Before joining Integra, Mr. Ritter was Director, Legal at Verisign, Inc., the leading online verification and authentication provider. He handled all of the company's legal issues arising in the customer life-cycle, including substantial product development work. Mr. Ritter developed the first U.S. ringtone program advising on all first impression copyright and DRM issues, and he guided the international rollout of multiple phone content product offerings.
Prior to Verisign, Inc., Mr. Ritter was a Legal Director at AT&T Latin America Corp., where he advised the CEO and other senior managers on commercial, financial corporate governance and strategic legal issues. He oversaw the in-country legal work provided to local subsidiary companies in five countries.

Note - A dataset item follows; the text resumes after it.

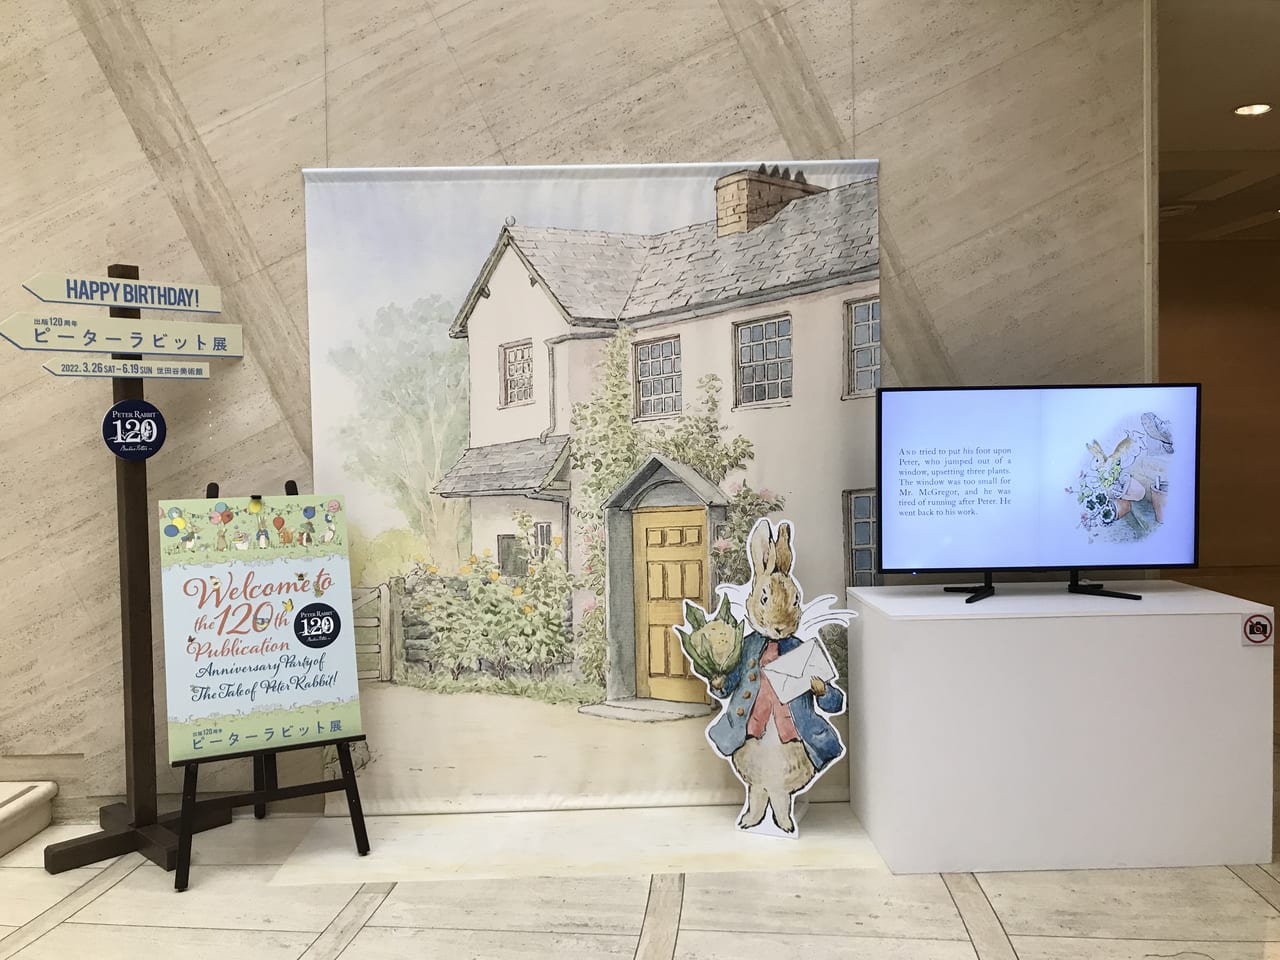 世田谷美術館で「出版120周年ピーターラビット展」が2022年3月26日〜6月19日まで開催です。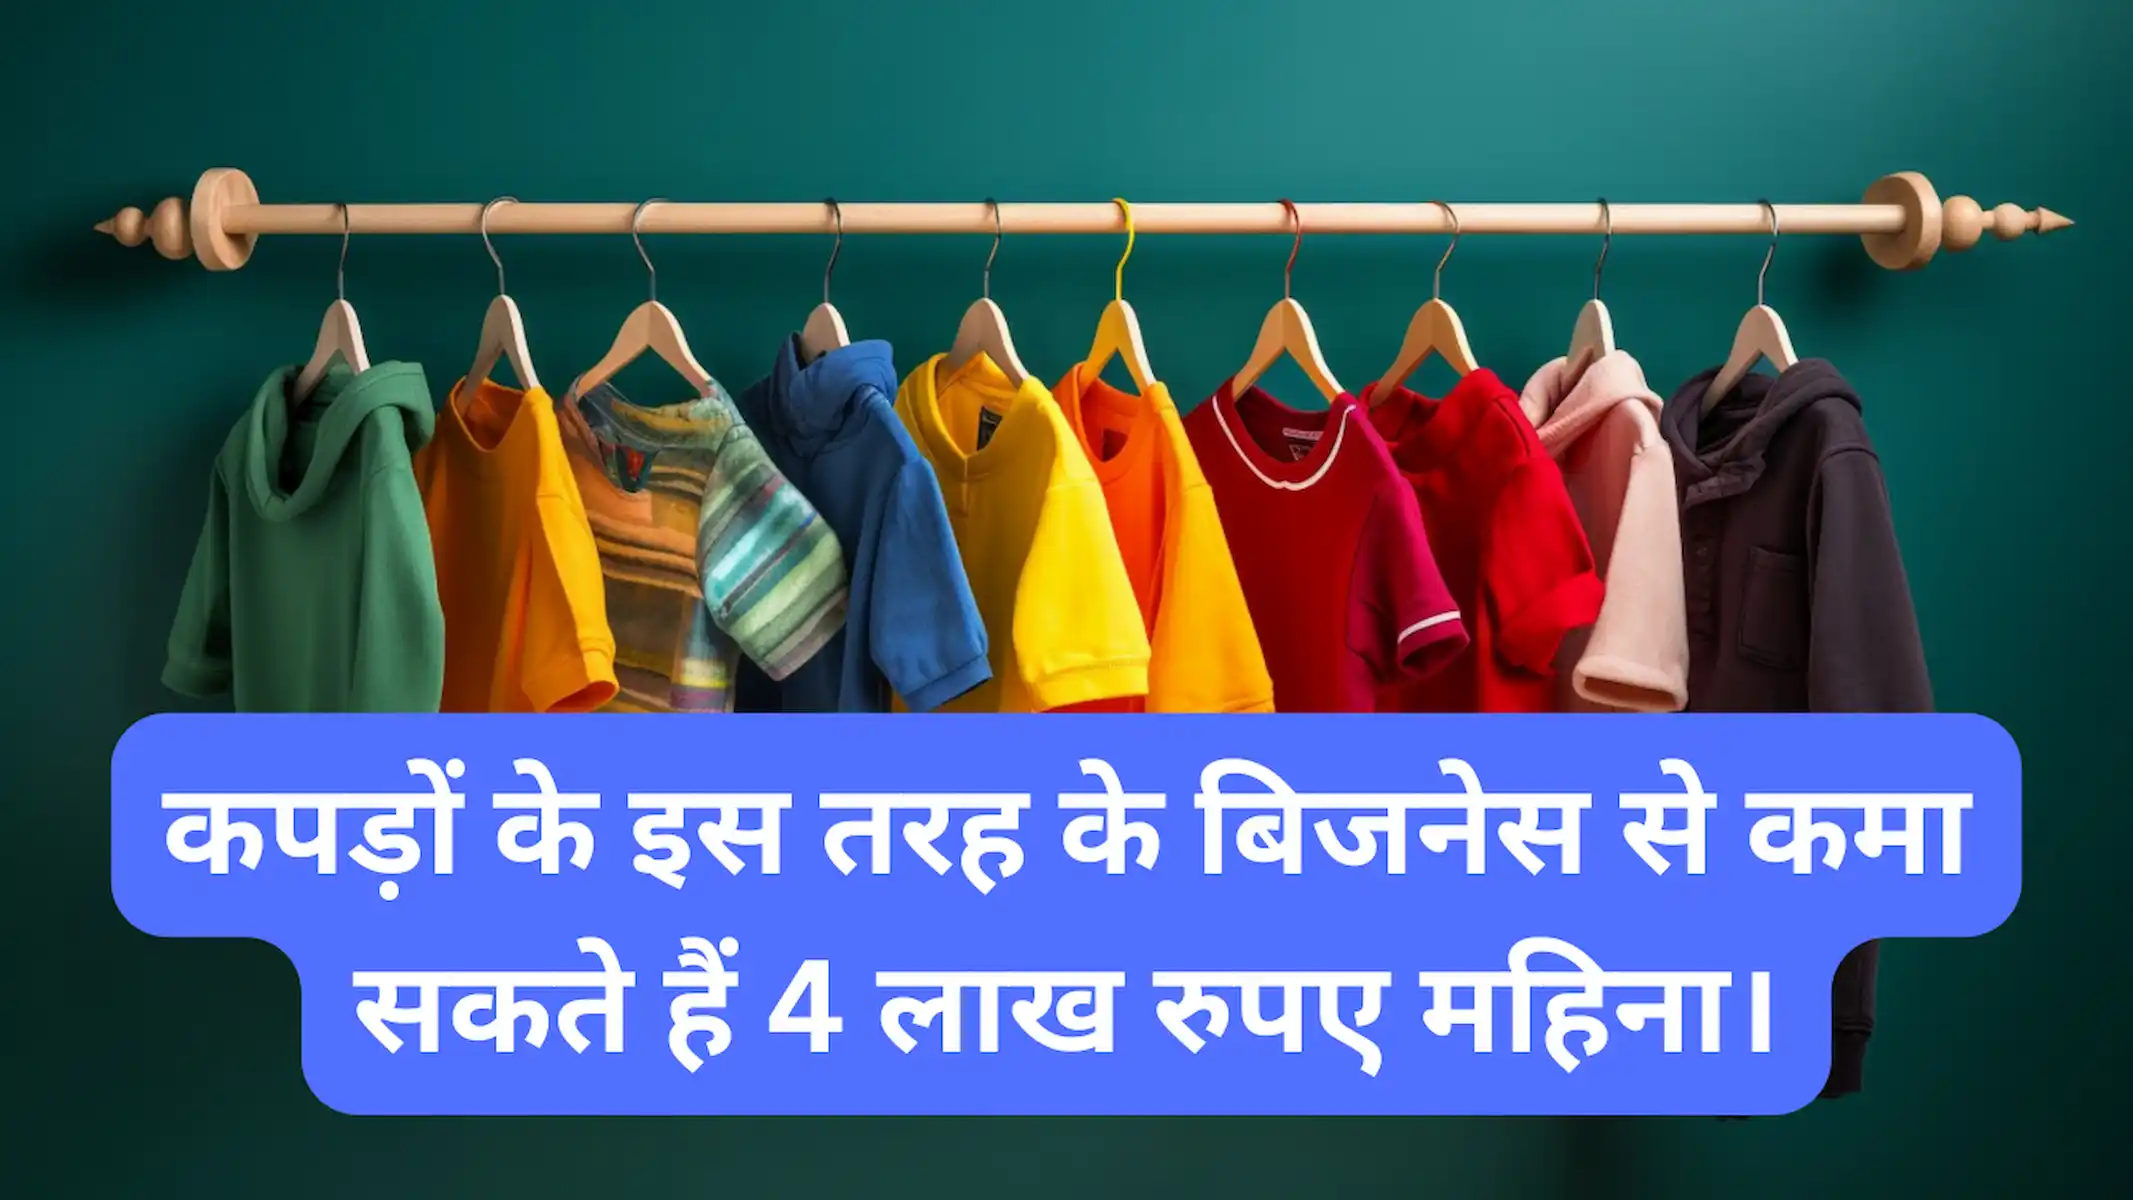 कपड़ों के इस तरह के बिजनेस से कमा सकते हैं 4 लाख रुपए महिना।

Before his time at AT&T Latin America Corp., Mr. Ritter was Vice President, Commercial Legal Operations at Winstar Communications, a fixed wireless service provider, and Senior Attorney at MCI Telecommunications Corporation. Prior to moving in-house, he was an associate at Arnold & Porter, in the firm's Telecommunications and Intellectual Property groups.
Mr. Ritter holds a J.D. from the Stanford School of Law and a B.A., Summa Cum Laude, with distinction in Political Science from Boston University. He is a member of New Jersey In-House Counsel, and the Association of Corporate Counsel. He is the former President and Chairman of the Board for D.C. Habitat for Humanity.
Michael Wu is responsible for all legal, corporate governance, government affairs and compliance matters at Rosetta Stone Inc. He joined Rosetta Stone in 2006 and established Rosetta Stone’s corporate compliance and corporate governance functions as well as its anti-piracy and anti-fraud enforcement program. In 2009, Mr. Wu oversaw the company’s successful initial public offering on the New York Stock Exchange.
Before joining Rosetta Stone, Mr. Wu was general counsel at Montreal-based Teleglobe International Holdings Ltd. In 2004, Mr. Wu led Teleglobe’s acquisition of voice over IP provider, ITXC Corp., and the listing of the combined company on NASDAQ.
Prior to Teleglobe, Mr. Wu was a senior attorney in the Hong Kong and Reston, Virginia offices of Global One, the international joint venture between Sprint, Deutsche Telekom and France Telecom. He was also associated with a predecessor firm of Bingham McCutchen LLP in Washington, D.C. and Baker Botts LLP in Houston, Texas, focusing on corporate transactions.
Mr. Wu holds a J.D. from the University of Virginia School of Law and a B.A. in political science from Emory University. He is fluent in English and Mandarin Chinese. He is a member of the Association of Corporate Counsel and Northern Virginia Technology Council General Counsel Committee. He serves on the boards of the Business Software Alliance and the Washington Metropolitan Area Corporate Counsel Association.